Bronson B. Tuttle House (1881)

In 1858, John Howard Whittemore formed a company with Bronson B. Tuttle to produce malleable iron hardware, a company that was eventually known as Naugatuck Malleable Iron. Tuttle’s brick house, unlike that of his partner Whittemore, survives today in Naugatuck Center, at the north end of Church Street. Built in 1879 to 1881, the brick and brownstone residence, designed by Robert Wakeman Hill of Warterbuy, is Queen Anne in style, elaborated with elements of other styles. The gable ends and tower dormers are decorated with a quarter sunburst design. There is quatre-foil-pierced terra-cotta cresting along the roof line. The original wraparound porch was later removed. The house remained in the Tuttle family until 1935, when it was given to the Borough of Naugatuck, the house has served as a school and is now the offices of the Naugatuck Board of Education.

Naugatuck Savings Bank (1910)

The Naugatuck Savings Bank, a pressed buff brick and limestone building, was constructed in 1910 on Church Street in Naugatuck Center. The original south end of the building, with a grand entrance, was designed by the New York firm of Crowe, Lewis & Wickenhofer. The north end is an addition, built in 1934. The Bank was initially founded in 1870 as the Naugatuck Savings and Building Loan, formed to enable employees of the the Borough’s rubber-producing companies, Naugatuck Malleable Iron and other industries to build their own homes in town. Today, the building serves as the Bank‘s executive offices.

Thomas Neary Memorial Building (1911)

The Thomas Neary Memorial Building is one of the many impressive buildings constructed in the center of Naugatuck at the turn of the nineteenth century, a period of development sponsored by John H. Whittemore. Located on the corner of Church and Maple Streets, the Neary Building is a business block of offices and shops which anchors a row of commercial buildings on Church Street, south of Naugatuck Green. Completed sometime between 1906 to 1911, the heavily ornamented Neo-Classical Revival structure was designed by the Waterbury firm of Griggs & Hunt (Wilfred Griggs designed many similarly impressive buildings in Waterbury). It was built through the efforts of William J. Neary, a lawyer, in honor of his father, Thomas J. Neary, a businessman who owned and operated a wholesale and liquor business on Water Street.

Howard Whittemore Memorial Library (1894)
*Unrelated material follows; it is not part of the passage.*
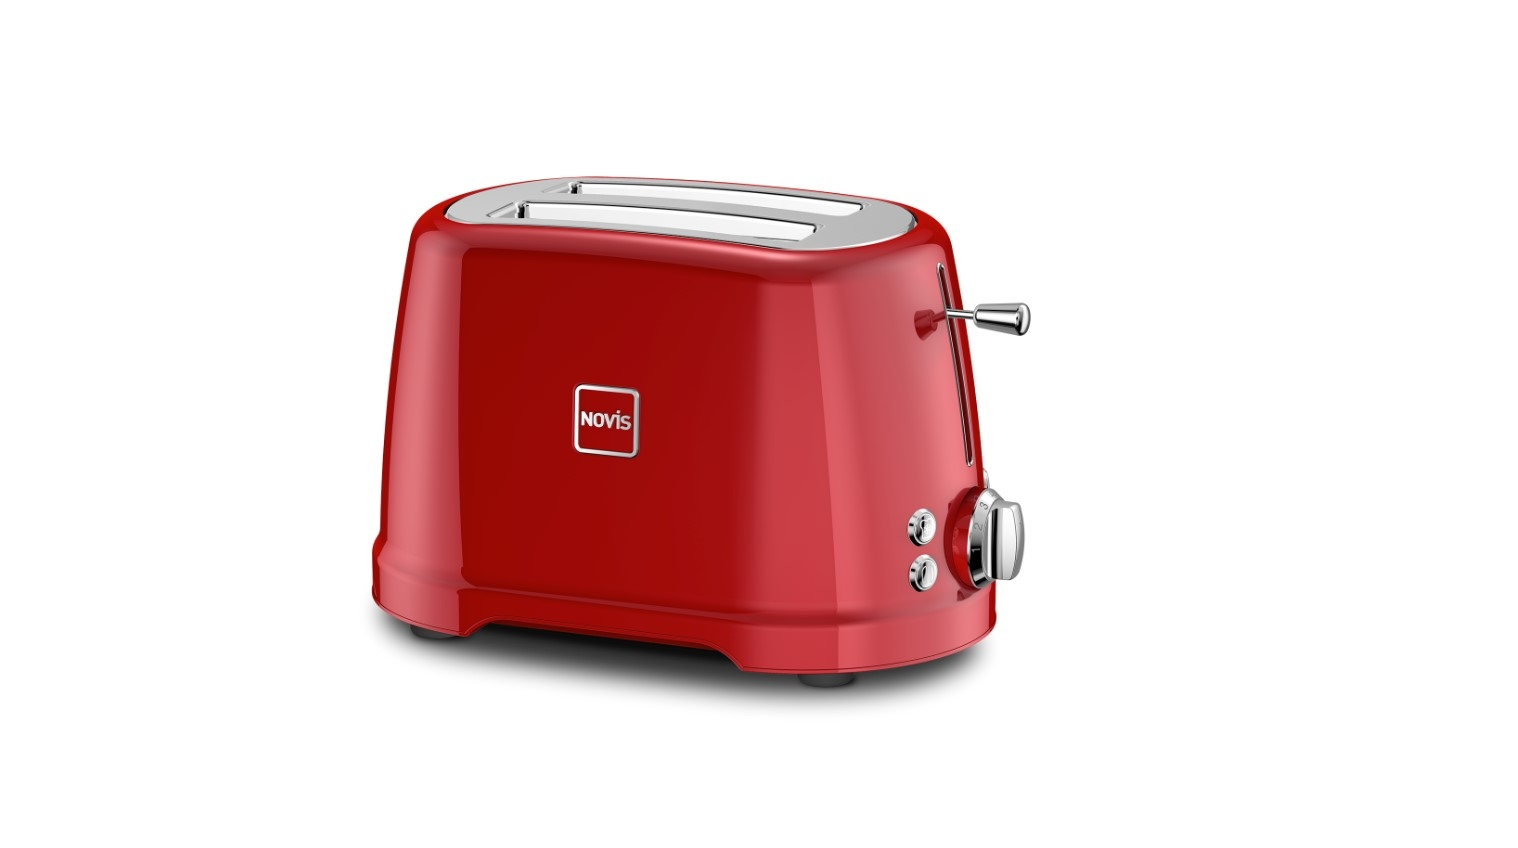 Toaster 2 sloturi, 4 functii, 900W, Novis T2 Rosu imagine

The Howard Whittemore Memorial Library, on Church Street in Naugatuck, was built in 1894 as part of the grand beautification plan of industrialist and philanthropist John Howard Whittemore for his adopted home town. The Library, named in honor of a son who had died young, was one of the first of the many structures that Whittemore, influenced by the “City Beautiful” movement, commissioned for Naugatuck Center. Designed by McKim, Mead & White and utilizing the same plan as the firm’s Walker Art Gallery at Bowdoin College, the Neo-Classical Revival library is constructed of pink granite, with buff terra-cotta panels above the windows and in the pediment above the front entrance. The frieze running around the buildings is incised with names of famous authors. The Library has a modern addition to the rear.

Congregational Church of Naugatuck (1903)

The Congregational Church of Naugatuck is on Division Street, across from Naugatuck’s Green (part of which is owned by the Church and is leased to the Borough of Naugatuck). This is the Church’s third building. The first was built on a hill to the east in 1782, a year after the congregation was formally gathered. In 1831, it was moved to a location across from the present church, on the northeast corner of what is now the Green, on land donated by Daniel Beecher, an inn keeper. It was sold and moved again, this time across the street to become a store, being replaced by the second church, built in 1853-1854. The present church was built in 1903 and was designed by the renowned architectural firm of McKim, Mead and White. It was one of several commissions by the firm around Naugatuck Green arranged by the prominent local industrialist, John Howard Whittemore.

Salem School (1894)

Naugatuck’s Salem School has been in the news recently. Just this past week, the Naugatuck Board of Education, facing a budget shortfall, voted to close the historic school, resulting in the circulation of a petition to save it. Salem School has been open since 1894. Previously, the Union Center School, built in 1852 and located on Naugatuck Green, had served the community. By the 1890s, the Borough of Naugatuck required a new and larger school building. The result was Salem School, the gift of John Howard Whittemore, a wealthy industrialist who wanted to enrich his hometown. He hired the nation’s leading architectural firm, McKim, Mead and White, to design the school, as well as many other prominent buildings in the center of Naugatuck. The old school on the Green was taken down and Salem School was built across Meadow Street in 1893 and opened the following year. The school served all grades until a separate High School building, also designed by McKim, Mead and White, was built in 1905. The Middle School grades were moved out in the 1950s. Salem School, named for “Salem Bridge,” an early name for Naugatuck, has continued since then as an elementary school, but is now slated to close. The future use of the building has not yet been determined.